ジェニオンの最終最強の形態。サード・ステージに覚醒した「いがみ合う双子」の力を最大限に発揮するための形態であり、武装はジェニオンの発展型となっている。TS-DEMONのサードモードである戦術システム「ディアボロス・エクス・マキナ」の起動により、「いがみ合う双子」による事象制御パターンをロードすることで変化する。

AGが多元戦争で得たバルゴラ・グローリーのガナリー・カーバー変容時のデータ(Sのものではなく、多元戦争当時のデータ)、ガンレオンの自律性のコピー、トライア・スコートから齎されたリ・ブラスタのSPIGOTのデータにそれらをがヒビキの意志と植えつけられたジェニオン自身の意志により統合されることで誕生した。AGが想定していた姿「ジェミニオン(Geminion)」はジェニオン・ガイ(骸)に「身」が入った、というネーミングであり、カオス・レムレースをヒトガタにしたかのような禍々しい機体だったが、ヒビキの意志に呼応した「いがみ合う双子」とジェニオンの意志を反映した結果、「いがみ合う双子」がオーバードライブを起こし、AGの想定していた「をも恐れぬ最凶の機神」を通り越し、「禁忌の向こうにある希望」としてヒビキとジェニオン自身の意志を反映したさらなる変容を起こし、随所にジェニオンの意匠を残しつつも、ガイを超える巨躯へと変貌。完全にヒビキの力として生まれ変わり、全てを超えた新たな始まりたる存在「ジェミニオン・レイ」と命名された。「レイ」は恐らく「零」と「光」のダブルミーニング。ちなみにヒビキ自身は「ジェミニオン」の名を略称として使用している。ジェニオンはいわば幼生、ジェニオン・ガイは蛹であり、この形態こそが真の「いがみ合う双子」の搭載機と言える。

あくまでパーツの組み換えによる変形だったジェニオン→ジェニオン・ガイの際と違い、法則を無視した完全な「変容」であり、全長・重量共にジェニオン・ガイをさらに上回っている。ガンレオンの自律性を植えつけられたジェニオン自身の意志も反映されているため、見方を変えればジェニオンも「ジェミニオン」の姿を嫌ったということになる。つまり、レイ化したのはある意味AGの自爆である。「変容」がパイロットにも影響するのかパイロットスーツの形状も変化する。ちなみにヒビキのスーツは肩の部分のハートマークが「ひび割れたハートを抱える悪魔」になっている。

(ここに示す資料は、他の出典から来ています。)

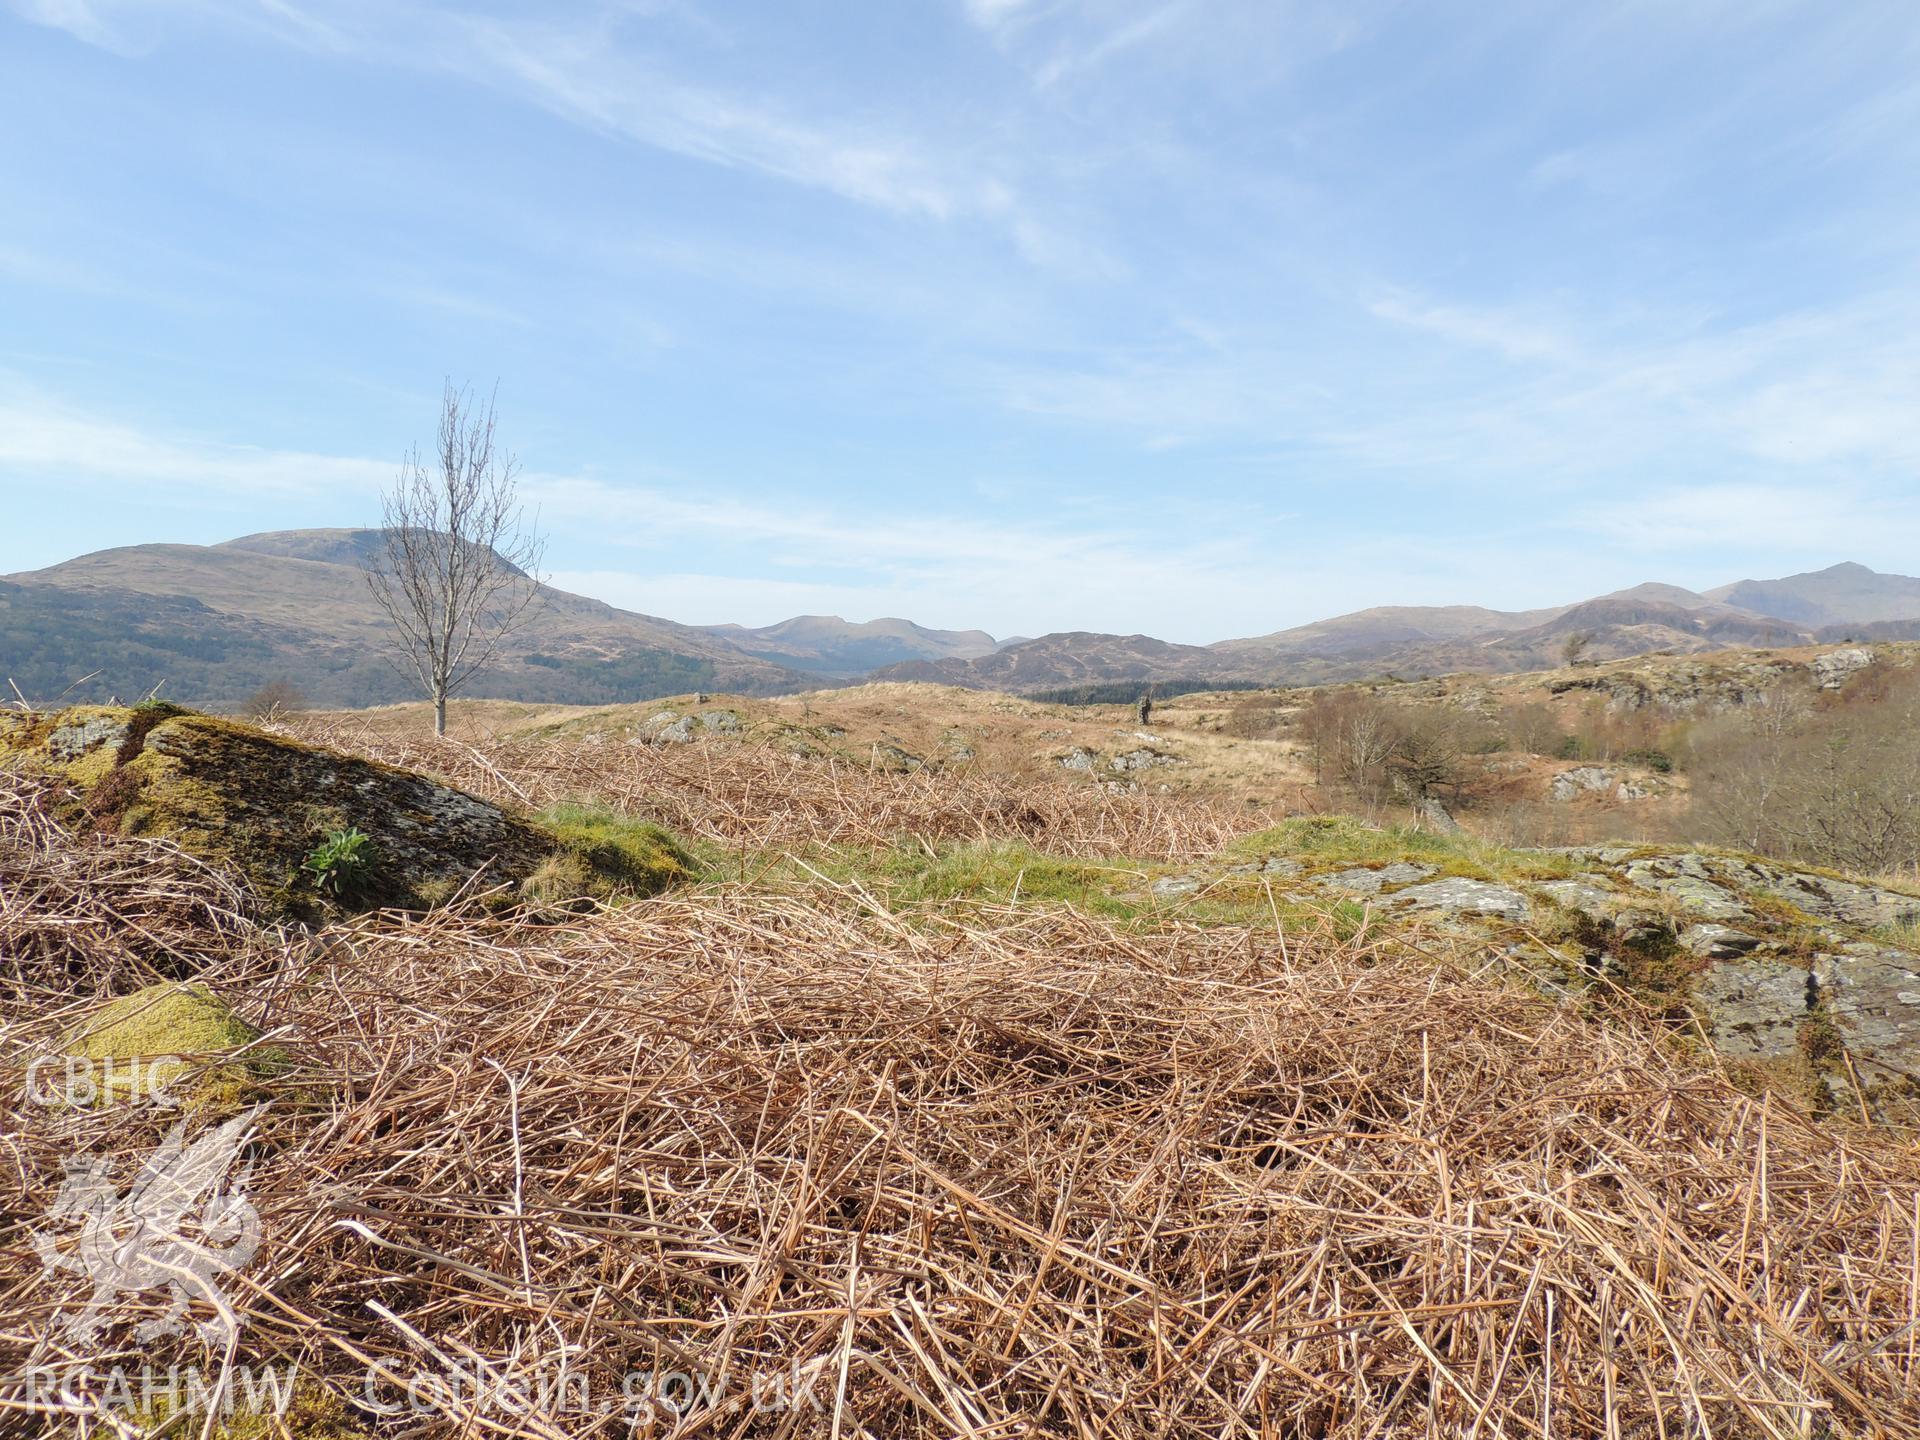 'View towards penstock route from SH62096 43897. Looking east south-east.' Photographed as part of desk based assessment and heritage impact assessment of a hydro scheme on the Afon Croesor, Brondanw Estate, Gwynedd. Produced by Archaeology Wales, 2018.

体格はジェニオン・ガイよりもさらに大型化、そして頭部にはジェニオンの意匠が残っているが、ウイングの肥大化やがっしりとまとまった体躯など、オリジナル機であるジェミニアにより近くなっている(それでもサイズは二回りほど及ばない)。武装面では全く似ていなかったガイと異なり、「スフィアの力と、それを攻撃力に変える剣を用いた接近戦闘」など、こちらの面でもさらにジェミニアに近くなった。胸部のスフィア封入球体にはカバーがつけられている。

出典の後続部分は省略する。